You suspect that, perhaps, loans that included personal statements in their applications were given higher interest rates than loans that didn't include personal statements in their applications. This is true in `loans`:

In [None]:
display(loans.assign(has_ps=loans['desc'].notna()).groupby('has_ps')['int_rate'].describe())
create_kde_plotly(
    loans.assign(has_ps=loans['desc'].notna()),
    'has_ps',
    True,
    False,
    'int_rate',
    title='Distributions of Interest Rates<br>Based on Inclusion of Personal Statement'
)

But remember, `loans` is just a sample from a much larger population of loan applications. Is this observed difference statistically significant? Let's perform a permutation test.

<br>

---


### Question 4 (Checkpoint Question)

<a name='Question-4'></a> 

([return to the outline](#outline))

#### `ps_test`

Complete the implementation of the function `ps_test`, which takes in two arguments – a DataFrame like `loans` and a number `N` of repetitions – and returns the p-value for the following permutation test:

- **Null Hypothesis**: Interest rates given to applications with personal statements are the same, on average, as the interest rates given to applications without personal statements.
- **Alternative Hypothesis**: Interest rates given to applications with personal statements are larger on average than interest rates given to applications without personal statements.

As your test statistic, use the **difference in group means (with statement mean minus without statement mean)**.

<br>


#### `missingness_mechanism`

While not stated above explicitly, we can interpret our permutation test as one that assesses whether the missingness of a personal statement is dependent on interest rate.
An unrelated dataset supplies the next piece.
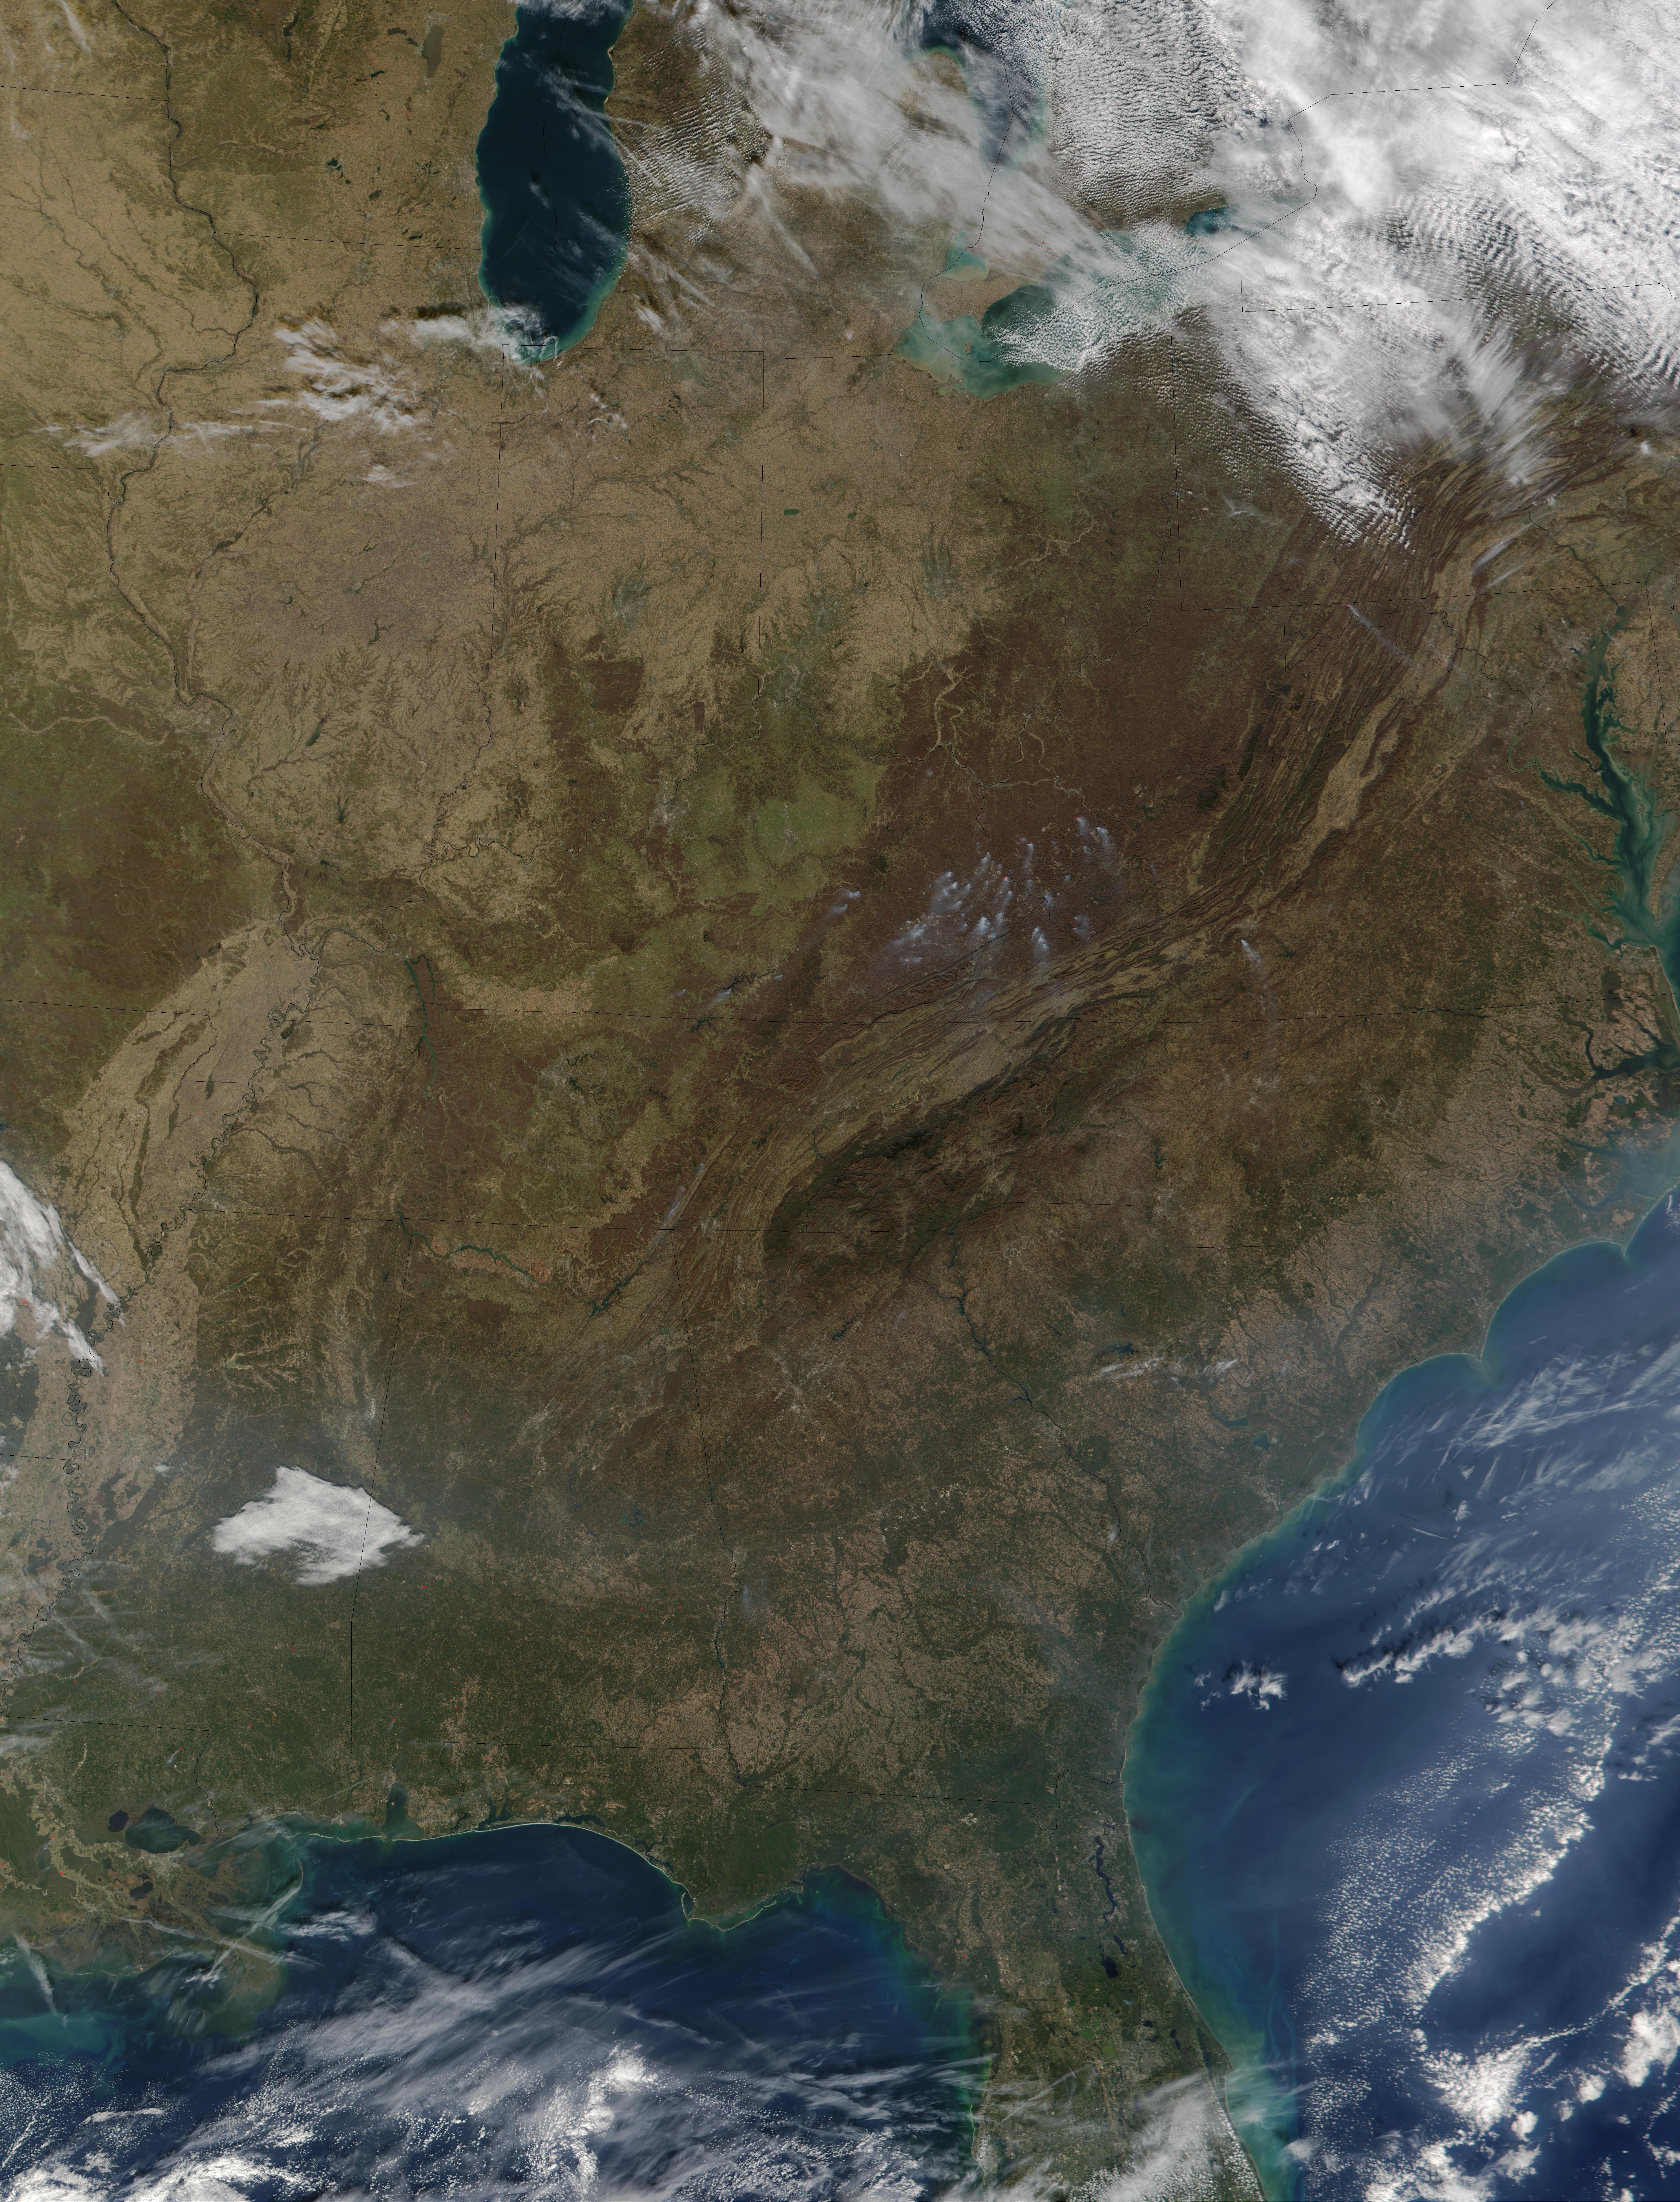 Incendio forestal en Estados Unidos oriental

Run your `ps_test` function with 5000 repetitions. Given the p-value you saw, what do you believe is the most likely missingness mechanism of the personal statement column, assuming we've narrowed down the missingness mechanism to these two options?
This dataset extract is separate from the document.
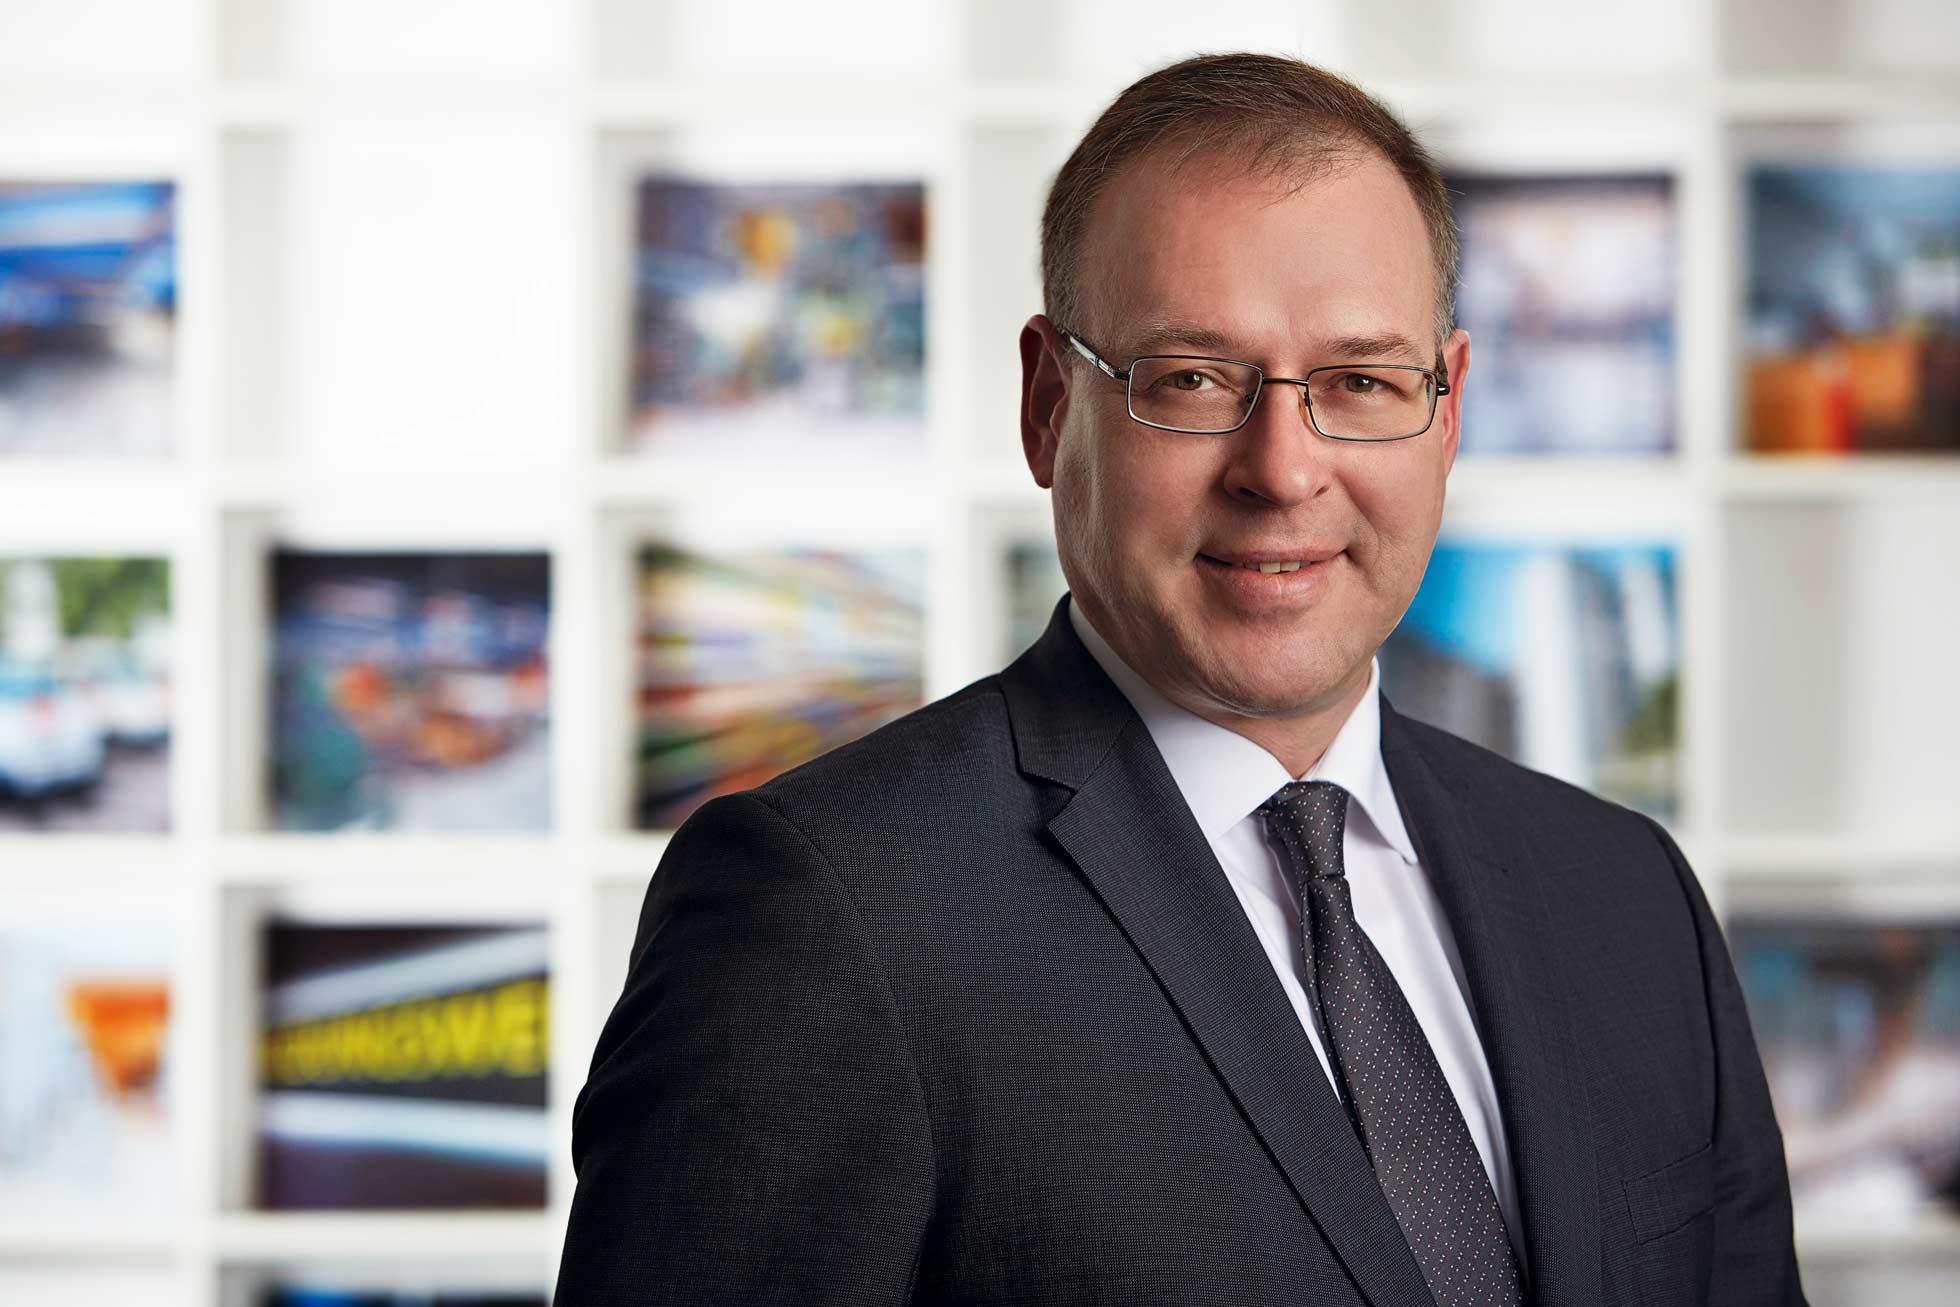 André Seckler ist seit 2011 mit eigenen Verfahrn in der Insolvenzverwaltung tätig. Rechtsanwalt Aachen, Rechtsanwalt Euskirchen

1. Missing completely at random (MCAR).
1. Missing at random (MAR) dependent on interest rate.

Complete the implementation of the function `missingness_mechanism`, which takes in no arguments and returns either 1 or 2, corresponding to your answer to the question above.

<br>

#### `argument_for_nmar`

In the function above, we had you use your permutation test to decide between MCAR and MAR as the likely missingness mechanism for personal statements. But, you could make an argument that personal statements are not missing at random (NMAR), too.
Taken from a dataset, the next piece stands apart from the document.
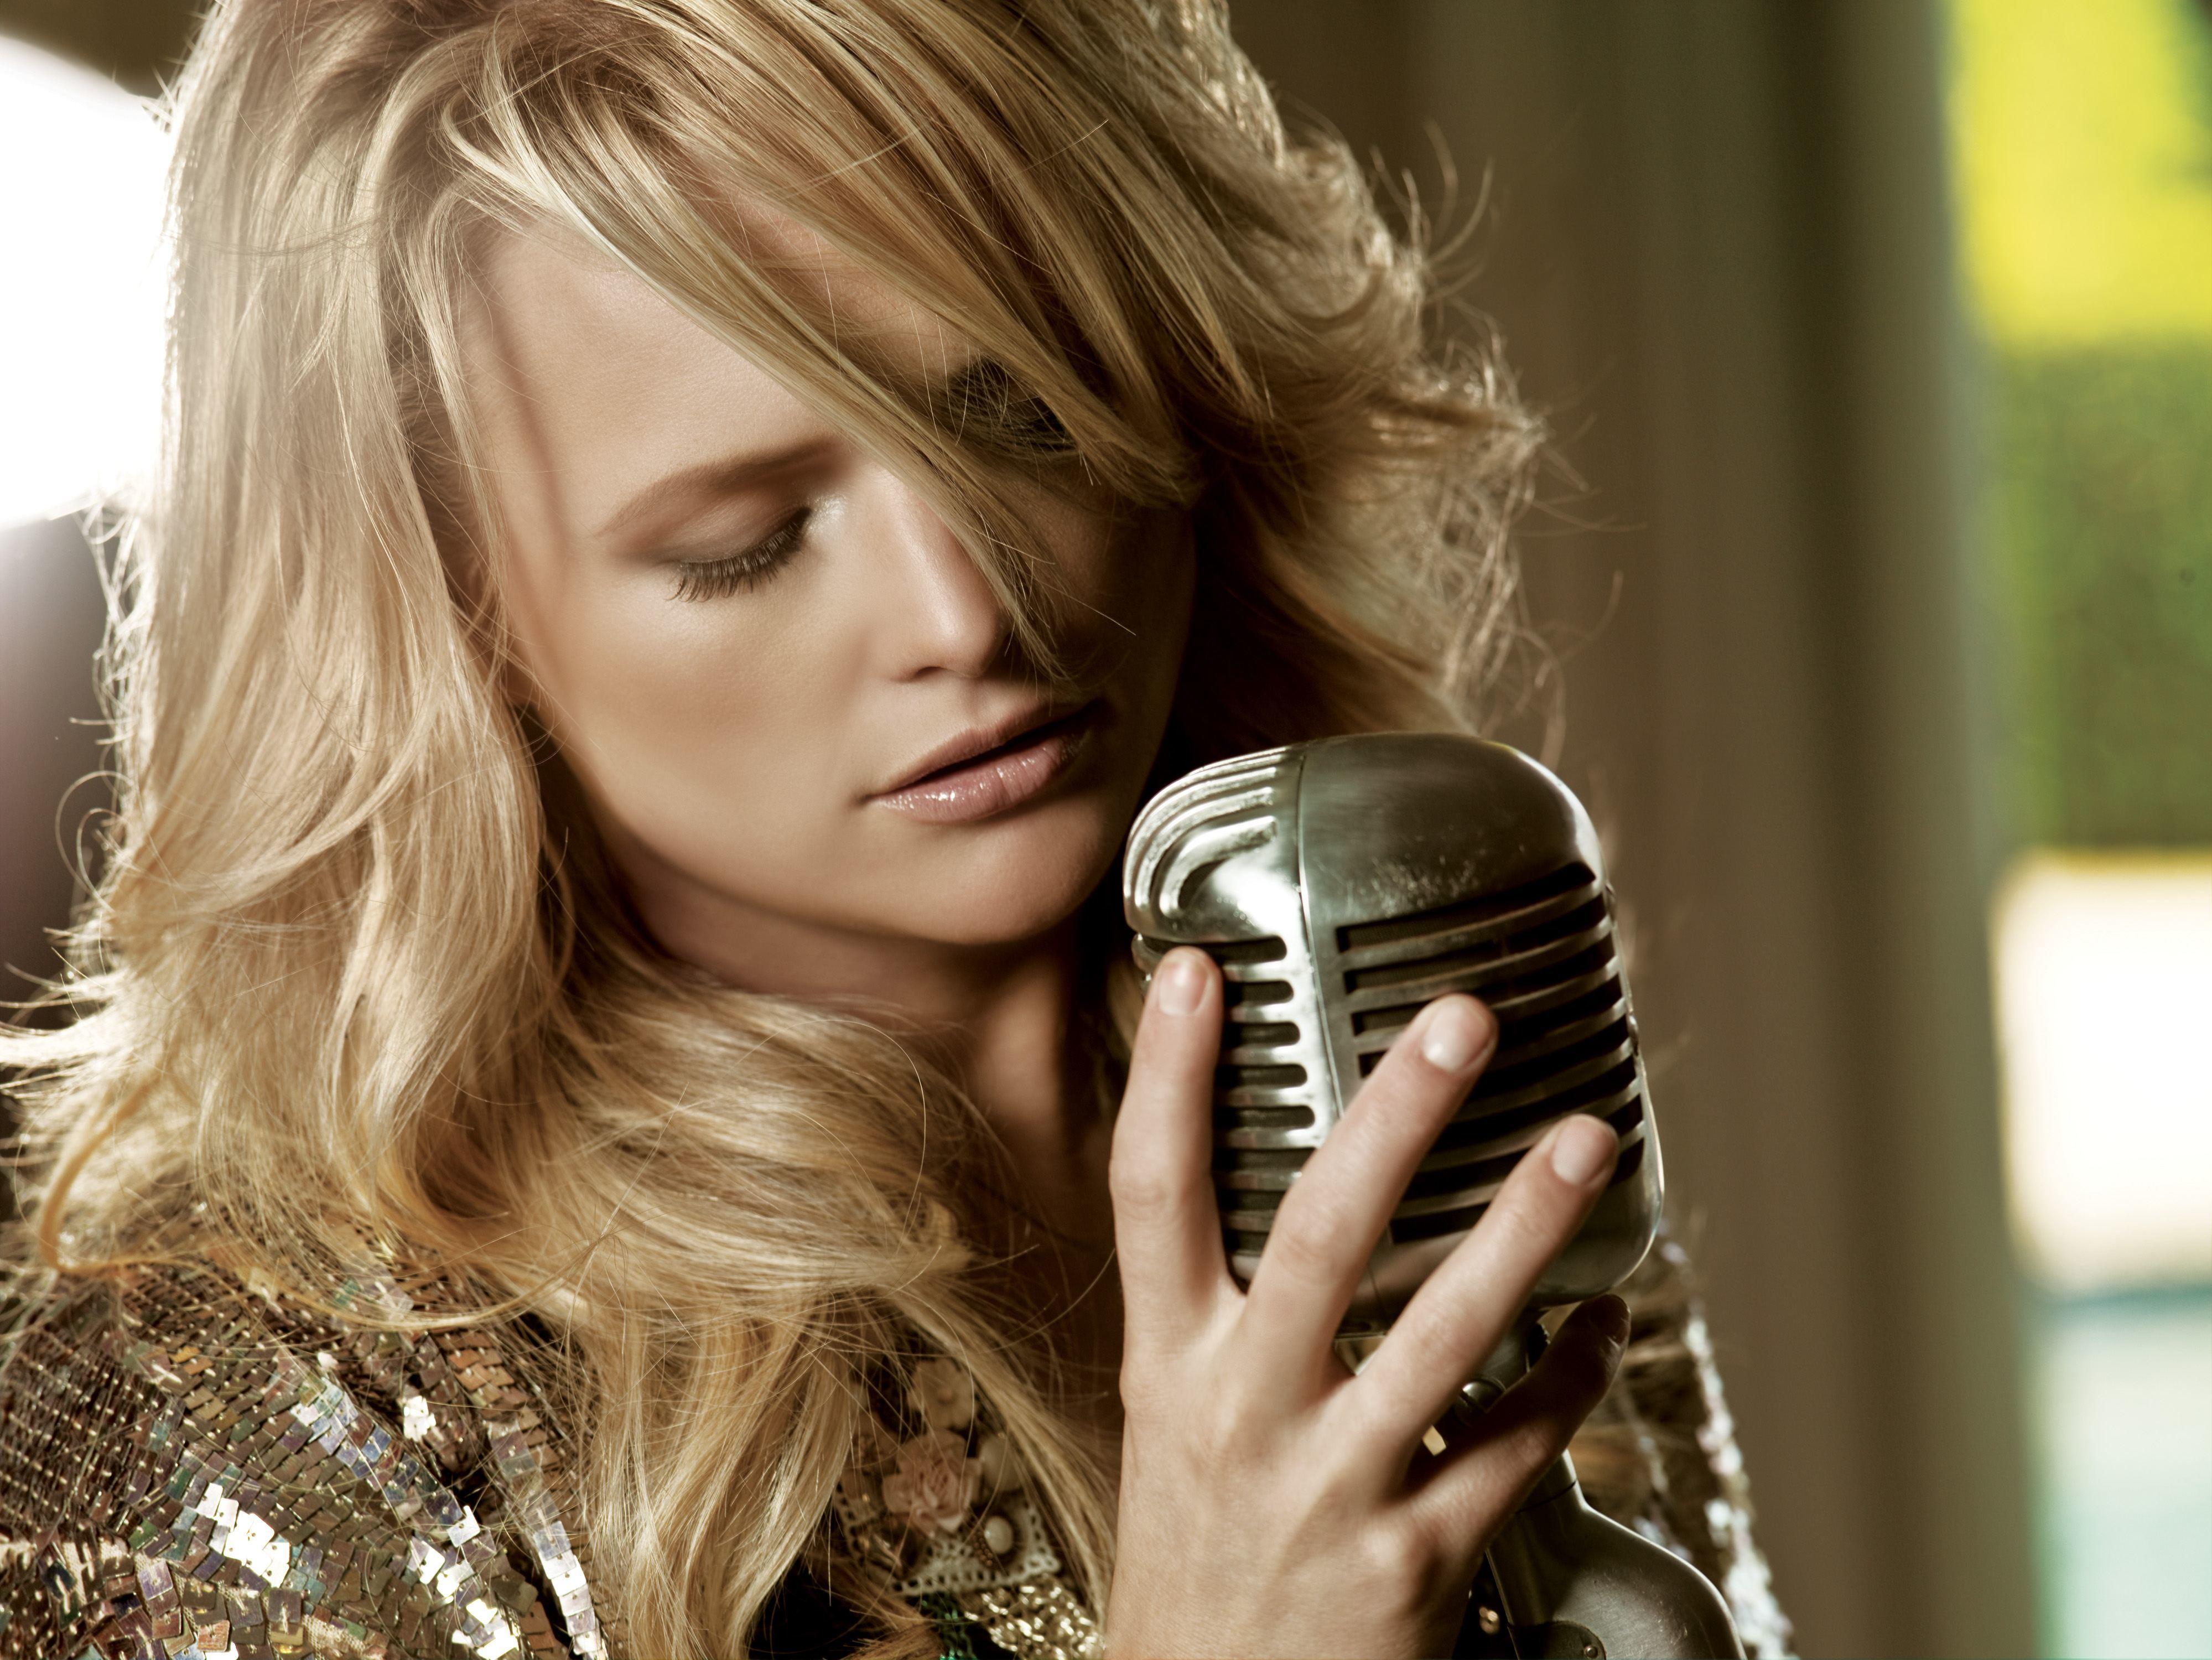 фото певицы с микрофоном

Complete the implementation of the function `argument_for_nmar`, which takes in no arguments and returns a **string** with a one-sentence justification as to why personal statements may be not missing at random.

***Note***: We may manually grade your answer to `argument_for_nmar` in your final submission – passing the autograder tests for `argument_for_nmar` is not necessarily sufficient!

In [None]:
def ps_test(df, N):
    ...
    

In [None]:
def missingness_mechanism():
    return ...
    

In [None]:
def argument_for_nmar():
    return ...
    

In [None]:
np.random.seed(42)
loans = loans.assign(has_ps=loans['desc'].notna())
q4_pval = ps_test(loans, 5000)
q4_miss = missingness_mechanism()
q4_arg = argument_for_nmar()

In [None]:
grader.check("q4")

<br/><br/>
<hr style="border: 5px solid #8a8c8c;" />
<hr style="border: 1px solid #ffcd00;" />

<a name='part2'></a>


## Part 2: Calculating Disposable Incomes

([return to the outline](#outline))

In Part 1, we focused on understanding how the interest rates LendingClub chose to give to borrowers depended on different aspects of a borrower's application. In Part 2, we'll focus on understanding borrowers' **disposable incomes**, or net incomes:

$$
\text{Disposable Income} = \text{Gross Income} - \text{Federal Income Tax} - \text{State Income Tax} 
$$

This is a minor simplification, because [some cities](https://www.stlouis-mo.gov/government/departments/comptroller/initiatives/us-cities-that-levy-earnings-taxes.cfm) also collect city-specific income taxes, but we'll ignore those here. Note that the `'annual_inc'` column in `loans` contains each borrower's gross income – that is, their income before taxes are removed.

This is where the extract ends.